What it means: That try as they might, the Yankees and Orioles can't seem to shake one another. The Orioles beat the Rays on another walk-off Thursday afternoon, so naturally the Yankees came back with this tidy 2-0 win tonight to keep pace in the American League East. Another bad RISP night -- 1-for-9 -- was more than offset by an outstanding starting pitching performance.
Phil up: It wasn't Phil Hughes' best outing of the season -- that would be his complete game against the Tigers back in June -- but it certainly was his best in two months and could not have come at a better time for the Yankees. Facing an admittedly weak Boston lineup that was missing Dustin Pedroia (whose wife gave birth to their second son today), Hughes took a shutout into the eighth inning, allowing five hits, walking no one and striking out seven. Hughes killed the Red Sox with changeups in August, but tonight it was all heat; all of his seven K's came on his four-seamer.

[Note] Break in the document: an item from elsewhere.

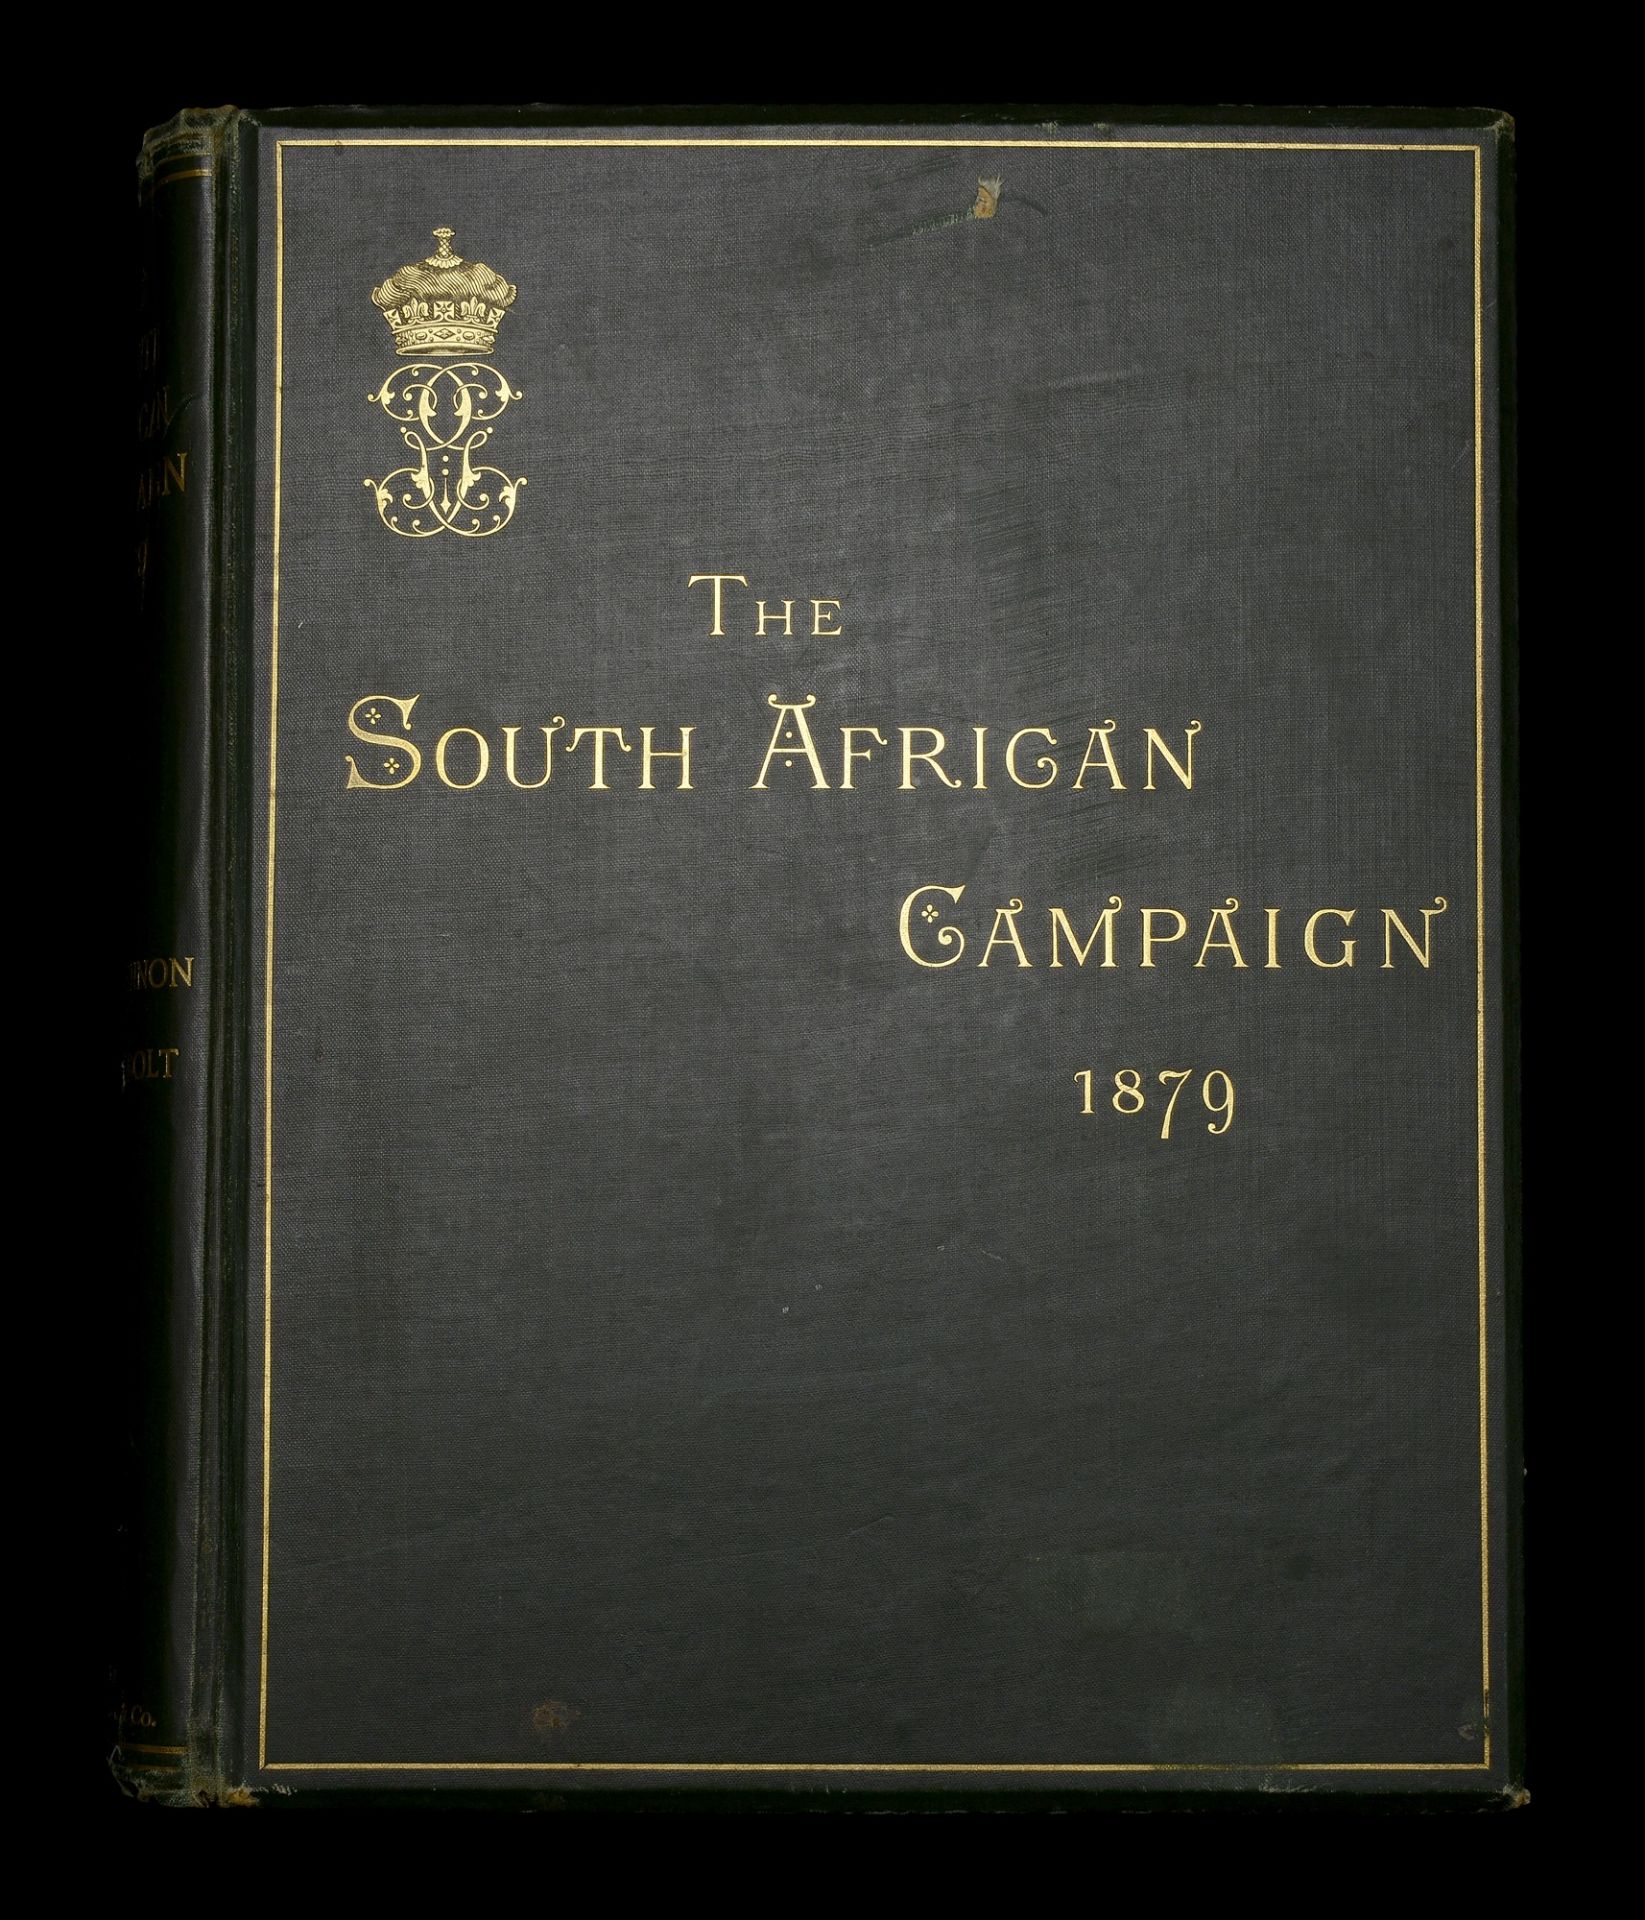 The South African Campaign 1879. By J. P. Mackinnon and S. H. Shadbolt, published by Sampso...

Capt. Crawl: As he insisted he would Wednesday night, Derek Jeter played, but he looked far from 100 percent healthy. In his first three at-bats as the designated hitter, Jeter grounded out twice and flied out -- and jog-walked slowly back to the dugout each time, looking as if he was trying very hard not to limp.
Derek, say hey to Willie: Despite playing on one good leg, Jeter reached another milestone tonight, pulling even with Willie Mays for 10th place on baseball's all-time hit list with a seventh-inning single that drove in the Yankees' second run of the game. Once again, Jeter was the only Yankee to come up with a timely hit -- his was the team's first of the night with runners in scoring position.
RISP aversion: When the Yankees loaded the bases with none out in the fourth, the Red Sox had them right where they wanted 'em. Although they got one run home on Andruw Jones' sac fly, that was it as Curtis Granderson lined into an unassisted double play to end the inning. And when they got a one-out double in the fifth from Eduardo Nunez, he could go no further than third after groundouts by Jeter and Nick Swisher.
Grand tour: Granderson had to go what looked like a quarter-mile to run down Scott Podsednik's drive and then brace himself with his hands to stop from running headlong into the iron service gate in the center-field fence at Fenway for a spectacular first-inning putout.
A-Rod scoots past 'Scooter,' ties 'The Horse': When Alex Rodriguez scored the first run of the game on Jones' sacrifice fly, he passed Phil Rizzuto for sole possession of 18th place on the all-time Yankees runs scored list (889) and tied Lou Gehrig for ninth place on MLB's all-time list (1,888).
Record night for Grandy, too: Granderson struck out three times and each time set a Yankees single-season record. Grandy made the mark his own last season with 169, a record he broke with two K's Wednesday night. He now has 173 -- one shy of his personal "best," set in 2006 as a Detroit Tiger.
Spark plug: Inserted at shortstop in place of Jeter, Nunez provided some kick to the lineup with a single and double in four at-bats. He also handled three chances flawlessly in the field.
What's next? A flight home followed by the start of the last big homestand of the year, nine games against the Tampa Bay Rays, Toronto Blue Jays and Oakland Athletics. CC Sabathia (13-5, 3.56 ERA) kicks off the festivities against the third-place Rays, fresh off their sweep at the hands of the Orioles, and their Cy Young candidate, LHP David Price (17-5, 2.54), on Friday night, first pitch at 7:05 ET.